A postgres update seriously fucked up my work Ruby install as well. We were using an old version and homebrew updated openssl on us (from 1.0.1 to 1.1 I think?) with no way of going back. (The Ruby install I was running was linked to 1.0.1, so it was not happy with having its library deleted.) I spent a month trying to figure out how to get that shit working again.
I really like Homebrew but its dependency management is horrible. The moment I saw that dyld "image not found" error message I didn't even have to finish reading the article to know what happened.
Python's insistence that it be a system-level utility in one global location, with one global set of libraries, etc. is kind of why we're in this mess of many different ways to install and use python (and the myriad of workarounds like virtual envs, pyenv, pipx, etc.). The official CPython installer is fine for some simple scripting or learning the language, but as soon as you need to tightly control and define multiple different python installs, different versions of libraries, etc. to satisfy different constraints it becomes a huge headache.
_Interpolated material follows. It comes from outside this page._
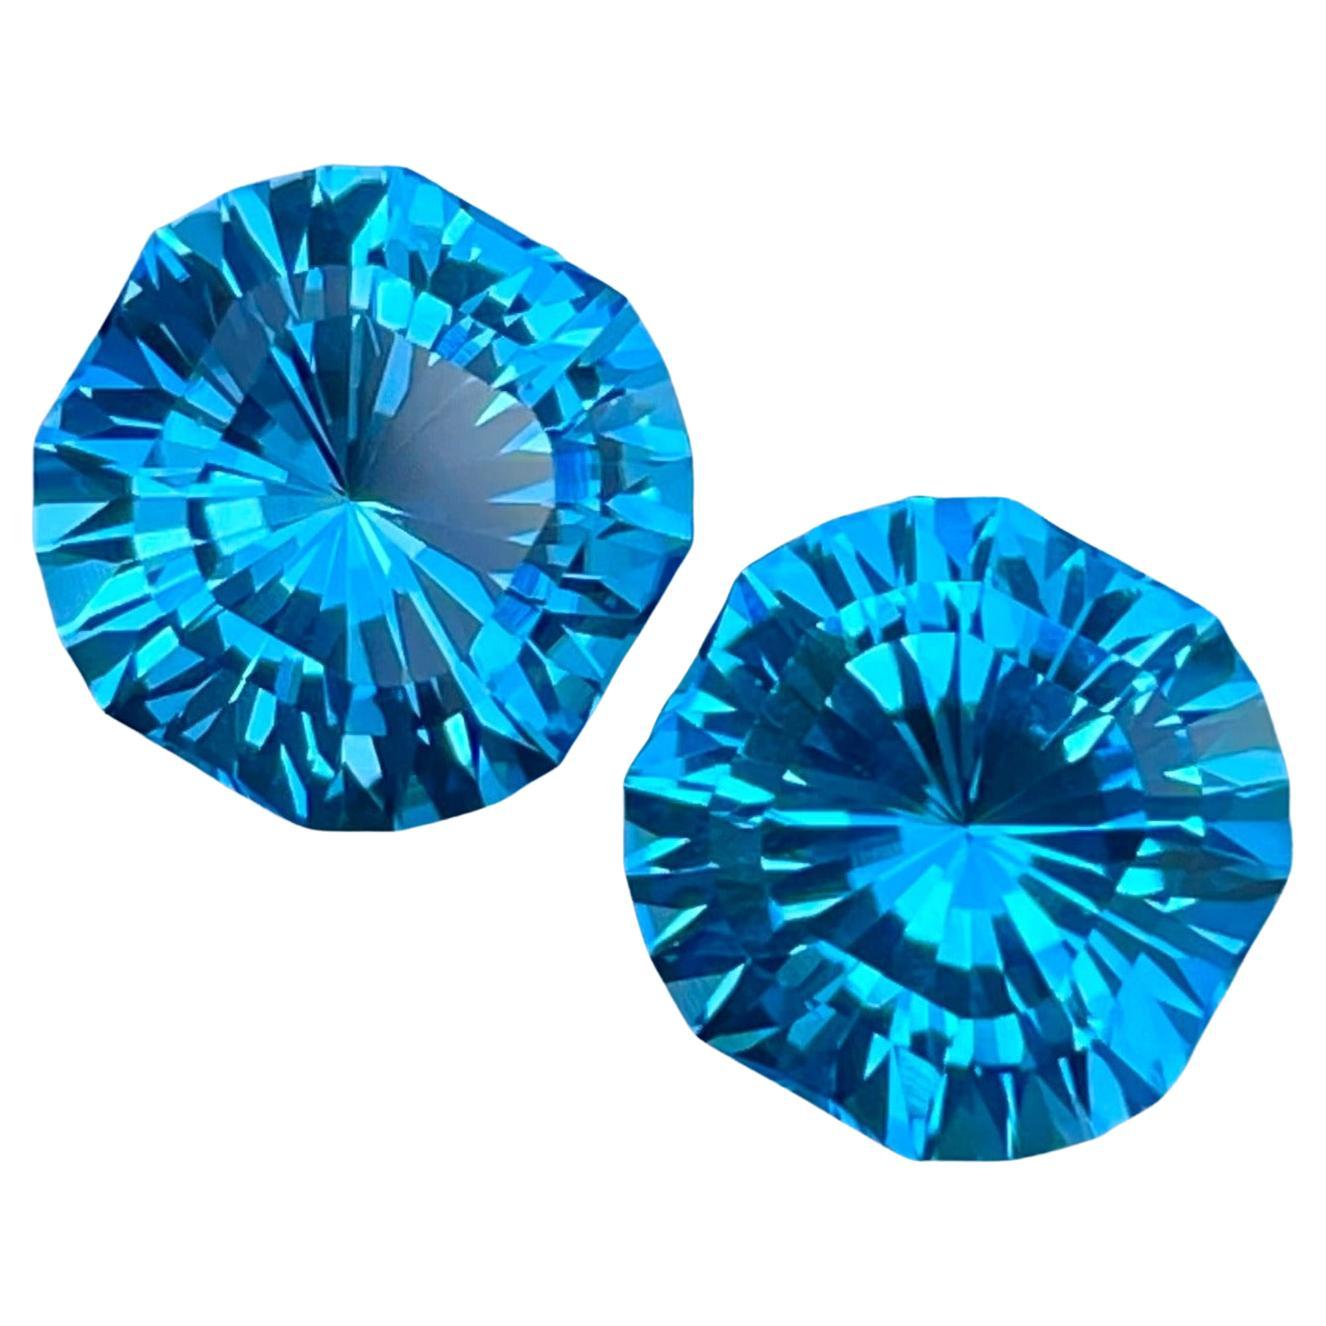 Fancy Cut Neon Blue Topaz Pair 13.90 carats Natural Madagascar's Gemstones For Sale

I'd be perfectly happy with homebrew if it didn't auto-update all packages when installing something new. E.g. I do `brew install ffmpeg`, and as part of that it upgrades python from 3.8 to 3.9 (???), breaking imports in all my scripts. I know how to work around this, but still, surprising choice for the default behavior.
I totally get that package management is Hard. However, I feel like Homebrew should be able to track what's there because it's a dependency vs what's there because the user wants it to be and act accordingly.
Granted, I've only lived in these tools just long enough to install what I need, so I'm sure I'm naively overlooking a lot of nuance.
Ah interesting. It appears that the reason for this difference is that Python on Homebrew is delivered as a single package for development and execution. The true intention should have been to have had Python-Homebrew to create the environment for Homebrew and Python-Dev which you can use for your development.
Sort of analogous to the way the JVM is distributed usually as separate packages with the JRE and the JDK.
I don't write very much prod-grade Python, so I just recreate the venv with my requirements.txt instead.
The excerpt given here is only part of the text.